HOJE, com a questão das tecnologias, que dão outras formas aos livros, como é o caso dos e-books, CD-Rom, livros para publicação em sítios na internet, a própria xerografia parece afetar os que trabalham com a produção de livros. Isso tem afetado a produção de livros aqui?

EM PARTE, sim. Nós já aderimos a esses formatos digitais, como é o caso do CD-Rom ou e-book, já produzimos para esses formatos, e é preciso estar inserido nessa realidade. Tem de ter o livro de papel, o digital e de todas as formas que alguém puder ler, inclusive no Tablet, nós queremos ofertar livros que se adaptam a essa nova forma de leitura.

 

QUAIS são os próximos lançamentos da editora?

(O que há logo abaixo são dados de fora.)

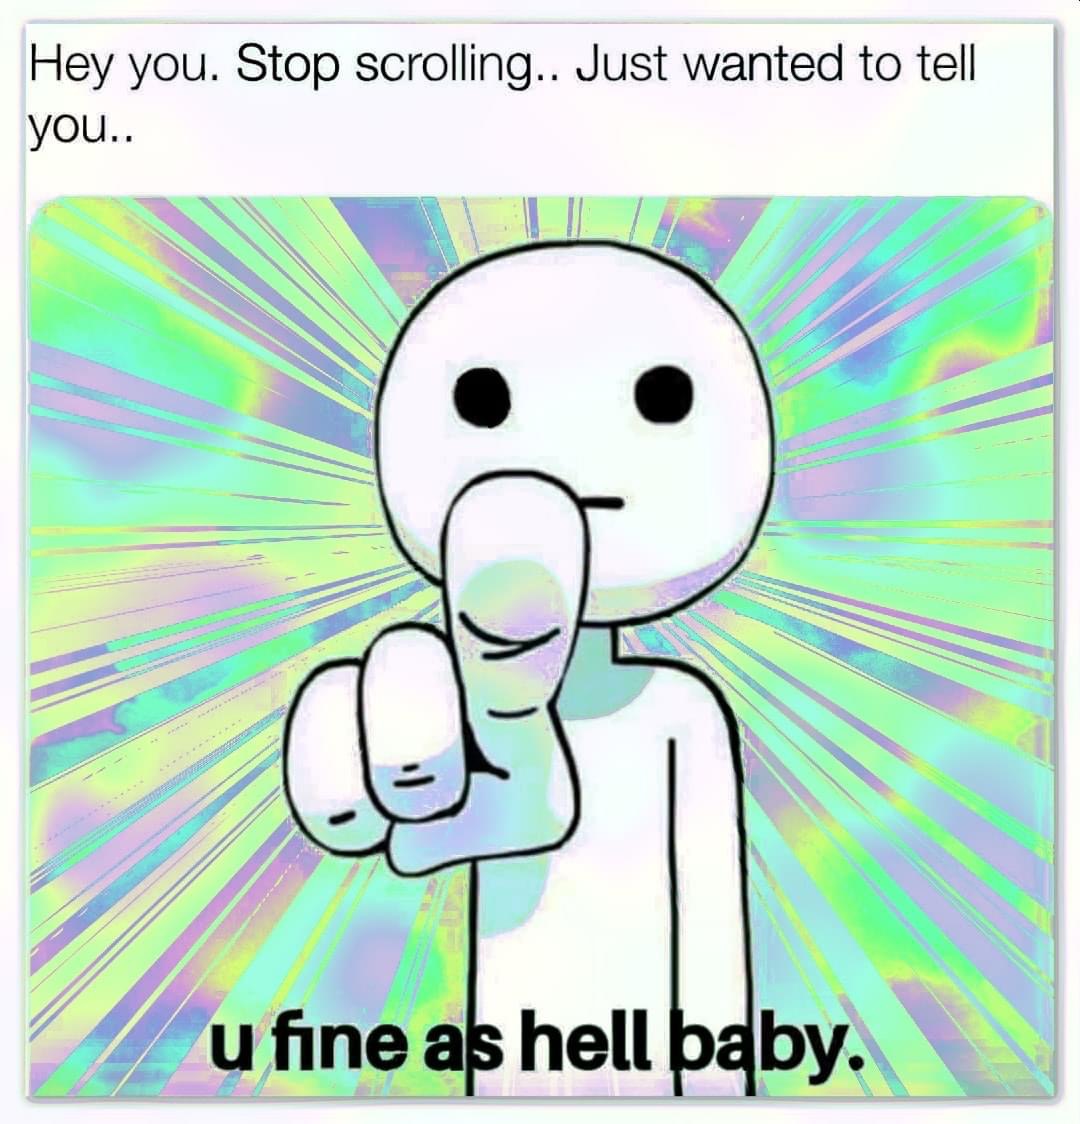 u fine as hell baby - Hey you. Stop scrolling.. Just wanted to tell you.. u fine as hell baby.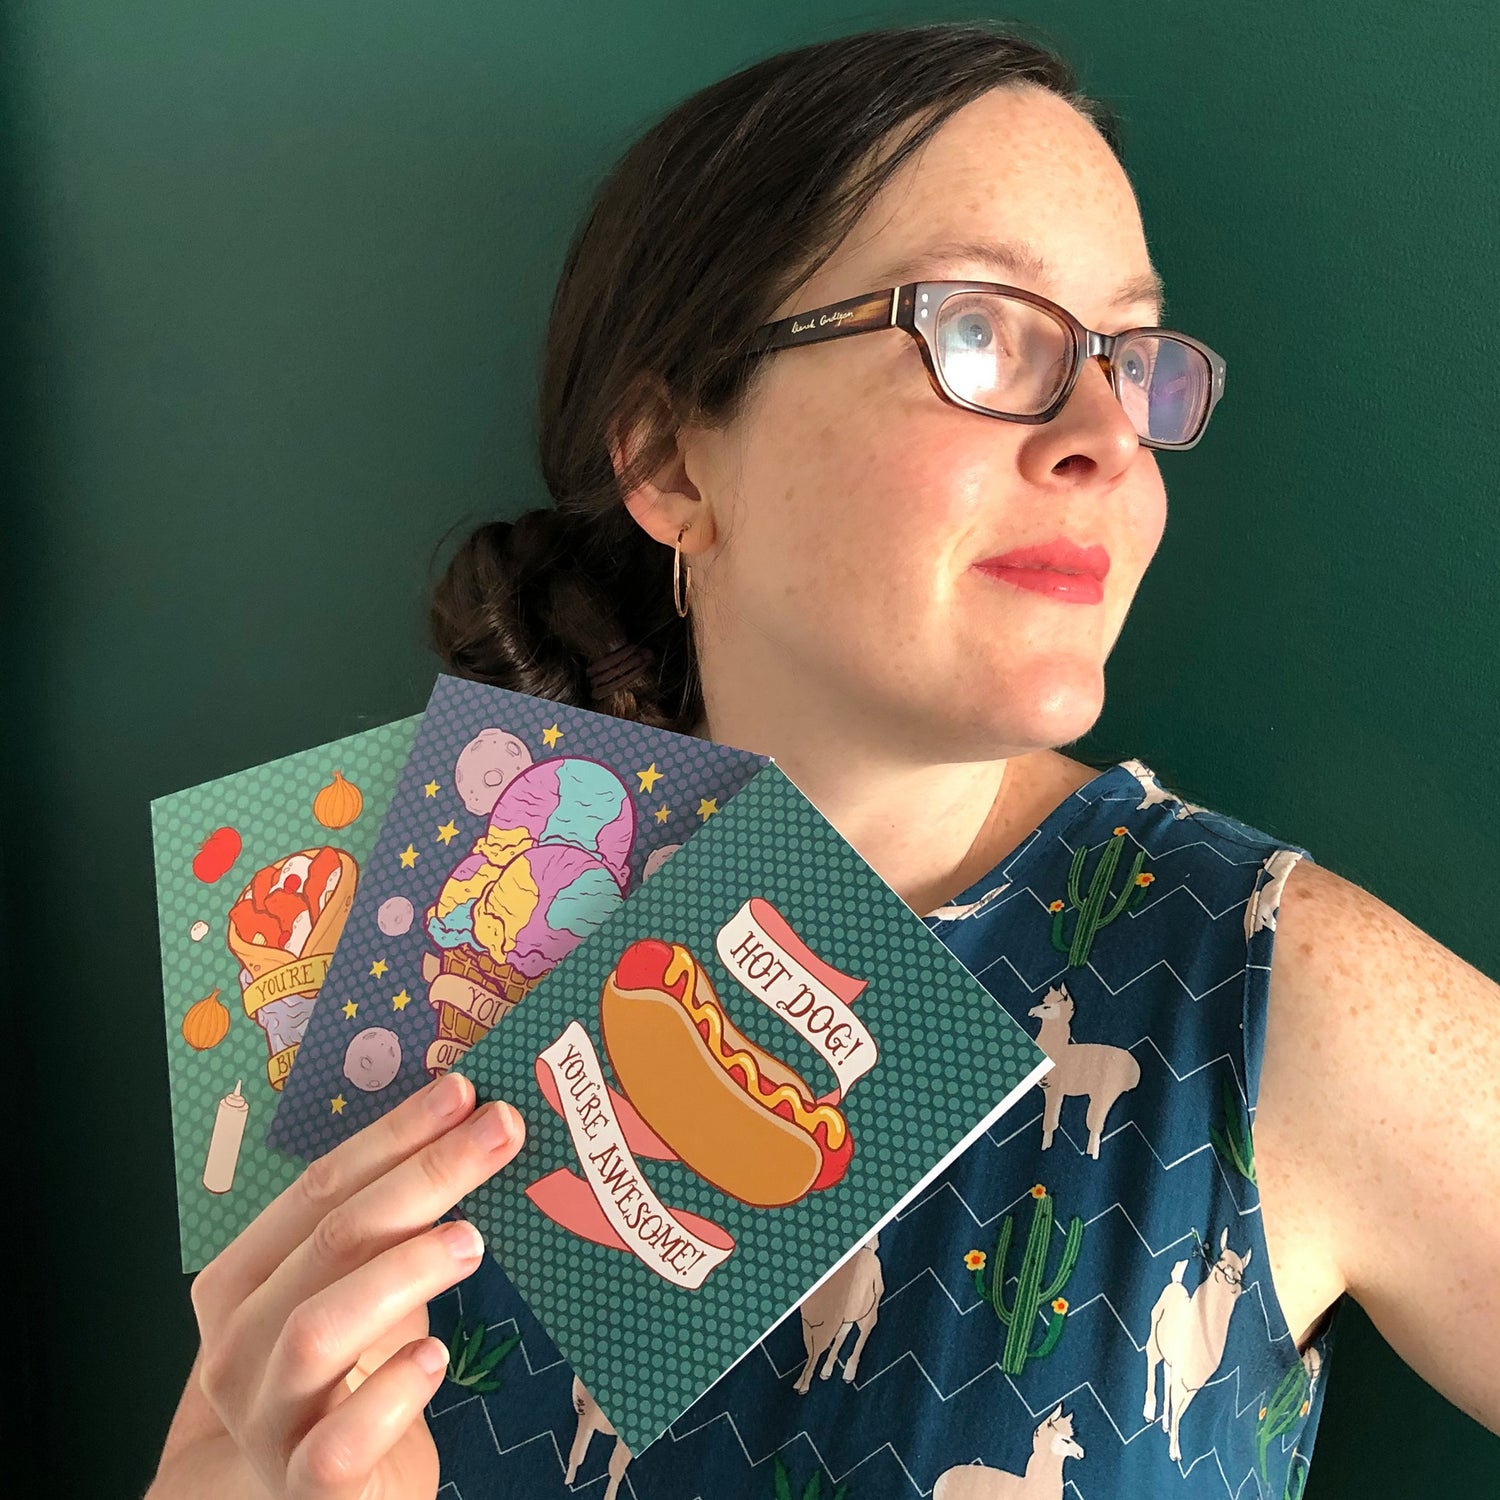 A white woman with dark hair and glasses holds 3 greeting cards. She stands against a dark green wall.

NESTE mês estamos com três títulos muito bons: “Uma História da Multidão”, de Glênio Azevedo Alves (História), que fala sobre os saques na região; “O Silêncio das Lembranças”, de Margarete Solange (Romance); e “10 Contos” - Organização de Rilder de Medeiros.

 

COMO as pessoas podem ter acesso ao catálogo de títulos da Queima Bucha?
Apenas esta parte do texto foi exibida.